Steganography has been widely used in historical times, especially before cryptographic systems were developed. Examples of historical usage include:

• Hidden messages in wax tablets: in ancient Greece, people wrote messages on the wood, then covered it with wax so that it looked like an ordinary, unused tablet.


• Hidden messages on messenger's body: also in ancient Greece. Herodotus tells the story of a message tattooed on a slave's shaved head, hidden by the growth of his hair, and exposed by shaving his head again. The message allegedly carried a warning to Greece about Persian invasion plans. (This method has obvious drawbacks:
  
  - It is impossible to send a message as quickly as the slave can travel, because it takes months to grow hair.
  - A slave can only be used once for this purpose. (This is why slaves were used: they were considered expendable.)


• Hidden messages on paper written in secret inks under other messages or on the blank parts of other messages.

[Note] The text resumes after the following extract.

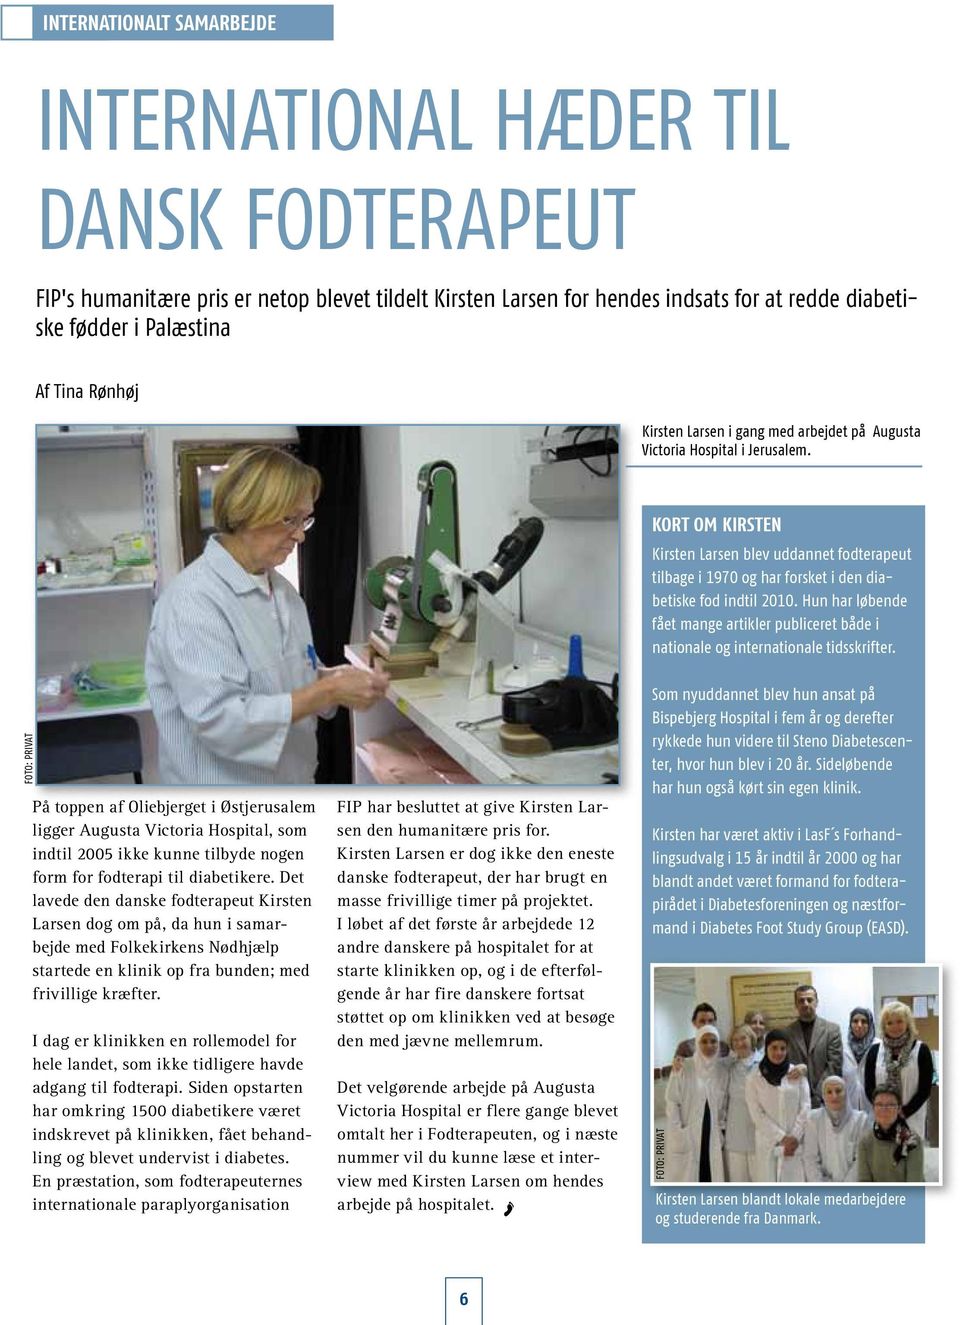 Kort om Kirsten Kirsten Larsen blev uddannet fodterapeut tilbage i 1970 og har forsket i den diabetiske fod indtil 2010.

• Hidden messages on paper written in secret inks under other messages or on the blank parts of other messages. (During and after World War II, espionage agents used photographically produced microdots to send information back and forth. Since the dots were typically extremely small -- the size of a period produced by a typewriter or even smaller -- the stegotext was whatever the dot was hidden within. If a letter or an address, it was some alphabetic characters. If under a postage stamp, it was the presence of the stamp. The problem with the WWII microdots was that they needed to be embedded in the paper, and covered with an adhesive (such as collodion), which could be detected by holding a suspected paper up to a light and viewing it almost edge on. The embedded microdot would reflect light differently than the paper.
  More obscurely, during World War II, a spy for the Japanese in New York City, Velvalee Dickinson, sent information to accommodation addresses in neutral South America. She was a dealer in dolls, and her letters discussed how many of this or that doll to ship. The stegotext in this case was the doll orders; the 'plaintext' being concealed was itself a codetext giving information about ship movements, etc. Her case became somewhat famous and she became known as the Doll Woman.
  Counter-propaganda: During the Pueblo Incident, US crew members of the USS Pueblo (AGER-2) research ship held as prisoners by North Korea communicated in sign language during staged photo ops to inform the United States that they had not defected, but had instead been captured by North Korea and were still loyal to the U.S. In other photos presented to the US, the crew members gave "the finger" to the unsuspecting North Koreans, in an attempt to discredit the pictures that showed them smiling and comfortable. [6]
• The one-time pad is a theoretically unbreakable cipher that produces ciphertexts indistinguishable from random texts: only those who have the private key can distinguish these ciphertexts from any other perfectly random texts. Thus, any perfectly random data can be used as a covertext for a theoretically unbreakable steganography. A modern example of OTP: in most cryptosystems, private symmetric session keys are supposed to be perfectly random (that is, generated by a good Random Number Generator), even very weak ones (for example, shorter than 128 bits). This means that users of weak crypto (in countries where strong crypto is forbidden) can safely hide OTP messages in their session keys.